Протянутое междометие взято из Ветхого завета, из Книги пророка Иеремии (I, 6): «И я сказал: а-а-а, господи! Я, как дитя, не умею говорить. Но господь сказал мне: не говори „я дитя', иди, куда я пошлю, и говори все, что прикажу» (Книгу пророка Иеремии я цитирую по Вульгате. В Септуагинте и в восточнославянских изданиях Библии XVI–XVII вв. междометия «а-а-а» нет. Следовательно, в данном случае старообрядцы ориентировались на традицию библейского текста, совпадающую с Вульгатой). Ясно, что у Никиты Пустосвята этот выкрик указывает на боговдохновенность языка, которым пользуются вожди староверов. Ясно также, что религиозная фантазия приписывала мистические свойства и «мутным словесам» юродивых. Они пригодны для общения с богом, и поэтому в житии Василия Блаженного бессмысленный лепет героя истолкован агиографом как «человекам непонятный разговор», с ангелами.
Протянутое междометие «а» как знак, указывающий на особность языка, употреблялось и в новейшей русской литературе. Словотворец и своего рода юродивый В. Хлебников (Н. Н. Асеев отнюдь не случайно в поэме «Маяковский начинается» назвал его «Достоевского Идиот») подписал свои прозаические опыты «Простая повесть» и «Юноша Ямир» псевдонимом АААА.
Противоположность, даже враждебность языка юродивых и речи толпы подчеркнуты в одной прекрасной сцене из жития Андрея Цареградского. Вообще Андрей, как и подобает юродивому, не беседует с людьми, он вещает нечто загадочное, что не всякому и не сразу дано уразуметь. Но однажды он нарушил свое обыкновение, снизошел до беседы — при следующих примечательных обстоятельствах. Некий юноша, пожелавший принять на себя тяготы юродства, на людях просил Андрея наставить его. Конечно, Андрей считал это делом чрезвычайной важности и не хотел уклониться. Но выкриками и «непонятным разговором»

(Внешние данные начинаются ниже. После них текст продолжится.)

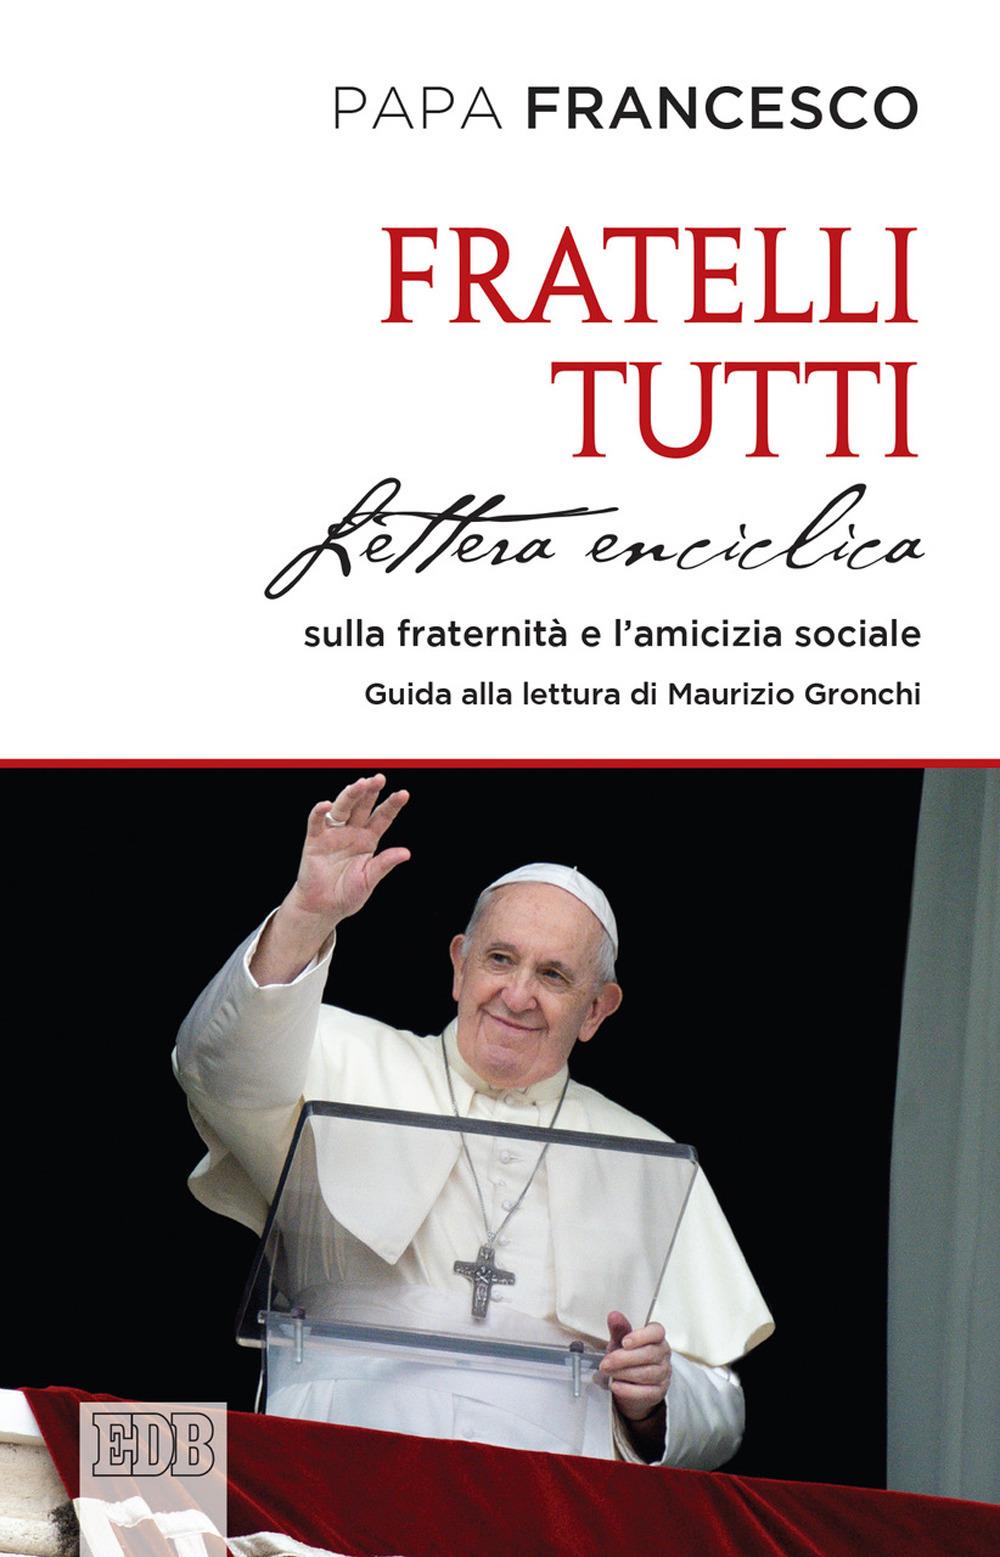 FRATELLI TUTTI. LETTERA ENCICLICA SULLA FRATERNITÀ E L'AMICIZIA SOCIALE - Francesco (Jorge Mario Bergoglio) - 9788810113813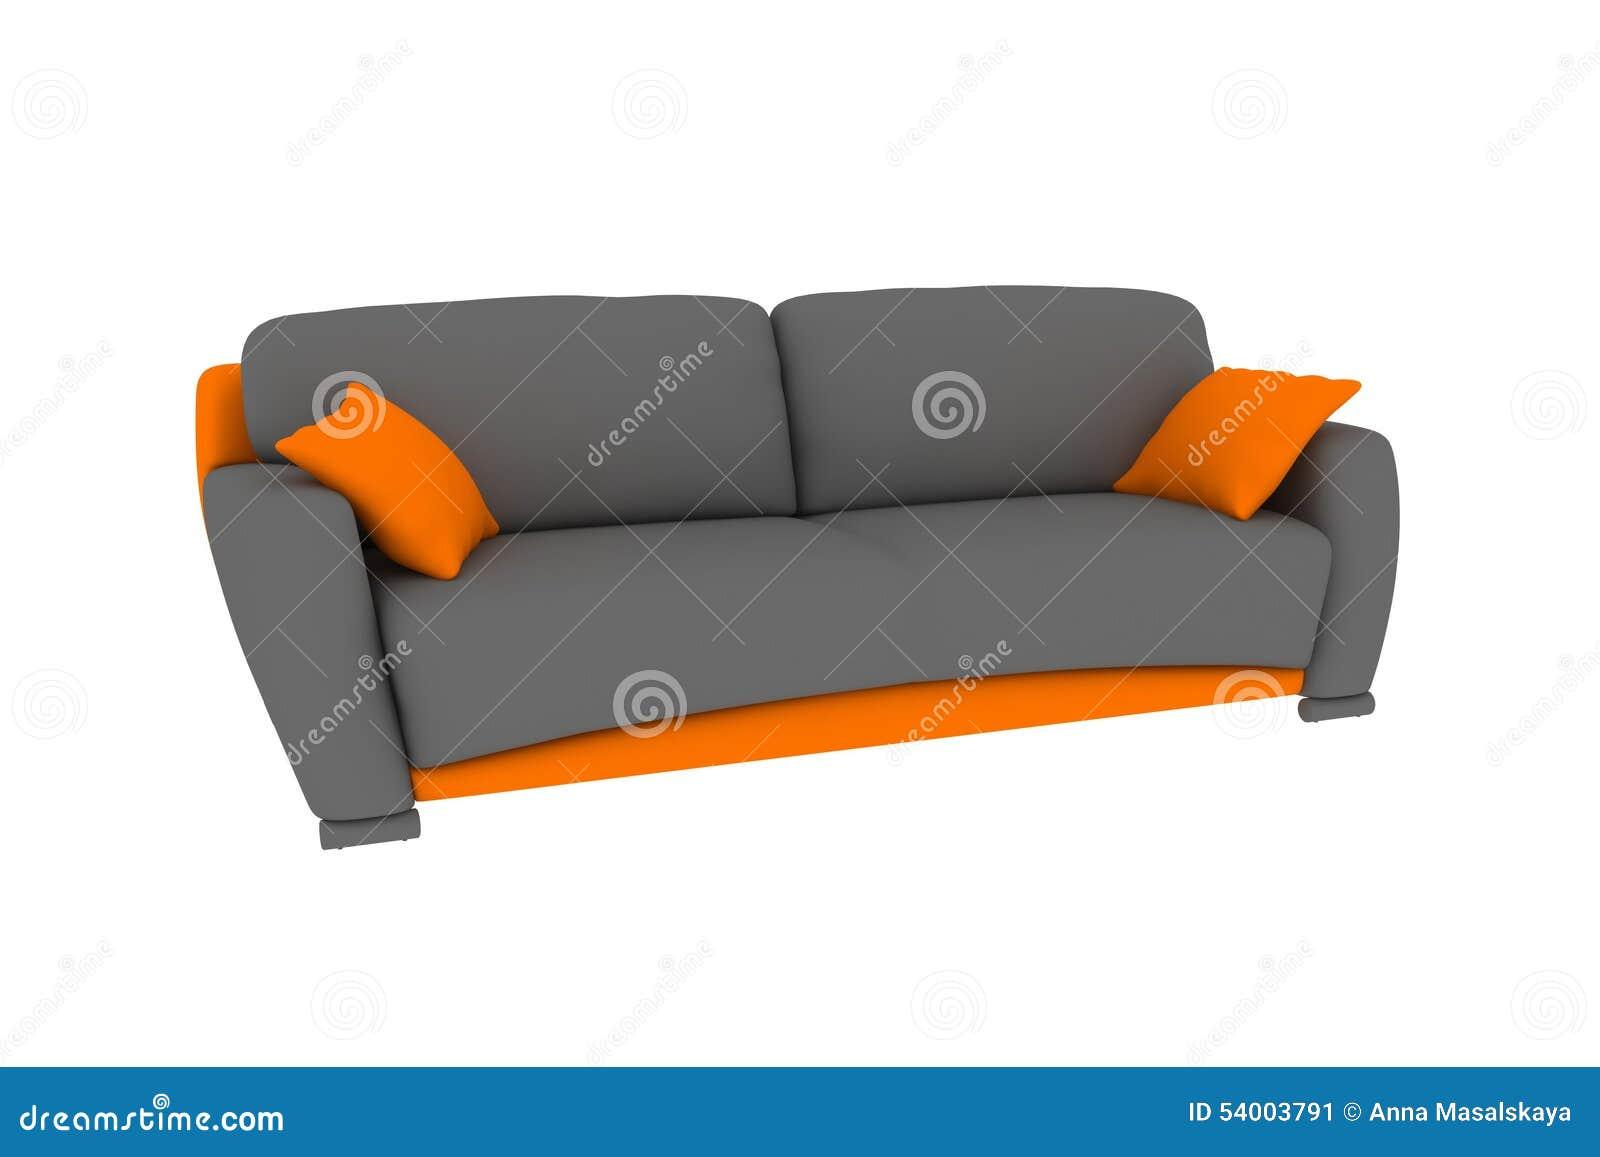 Isolated Grey Orange Sofa

трудно вразумить человека, необходима внятная беседа. И тогда Андрей сделал так, что юноша нежданно-негаданно заговорил по-сирийски. Учитель и ученик общались посредством «сирской речи», и слушатели-греки ничего не могли понять. Таким способом и особность языка юродивого была сохранена, и собеседник вразумлен.
Но почему Андрей Цареградский выбрал именно «сирскую речь»? Размышляя на тему истории народов и языков, средневековые книжники находили в Библии два опорных пункта.44 Первый — миф о вавилонском столпотворении, когда «смешал господь язык всей земли», «так, чтобы один не понимал речи другого, и рассеял их… по всей земле». Второй — чудо в день Пятидесятницы, когда апостолы «были единодушно вместе. И внезапно сделался шум с неба… и явились им разделяющиеся языки, как бы огненные, и почили по одному на каждом из них… И начали говорить на иных языках;.. Когда сделался этот шум, собрался народ и пришел в смятение: ибо каждый слышал их, говорящих его наречием. И все изумлялись и дивились, говоря между собою: сии говорящие не все ли галилеяне? Как же мы слышим каждый собственное наречие, в котором родились?».
Оба текста составляют мировоззренческую оппозицию. Из ветхозаветного мифа следует, что разнообразие языков на земле есть кара господня, наказание за людскую гордыню. Новозаветное чудо, напротив, реабилитирует национальные языки. В зависимости от конкретной культурной ситуации средневековье могло принять ту или иную точку зрения — и соответственно пользоваться языками либо «священными» (lingua sacra), либо «народными» (lingua vulgaris).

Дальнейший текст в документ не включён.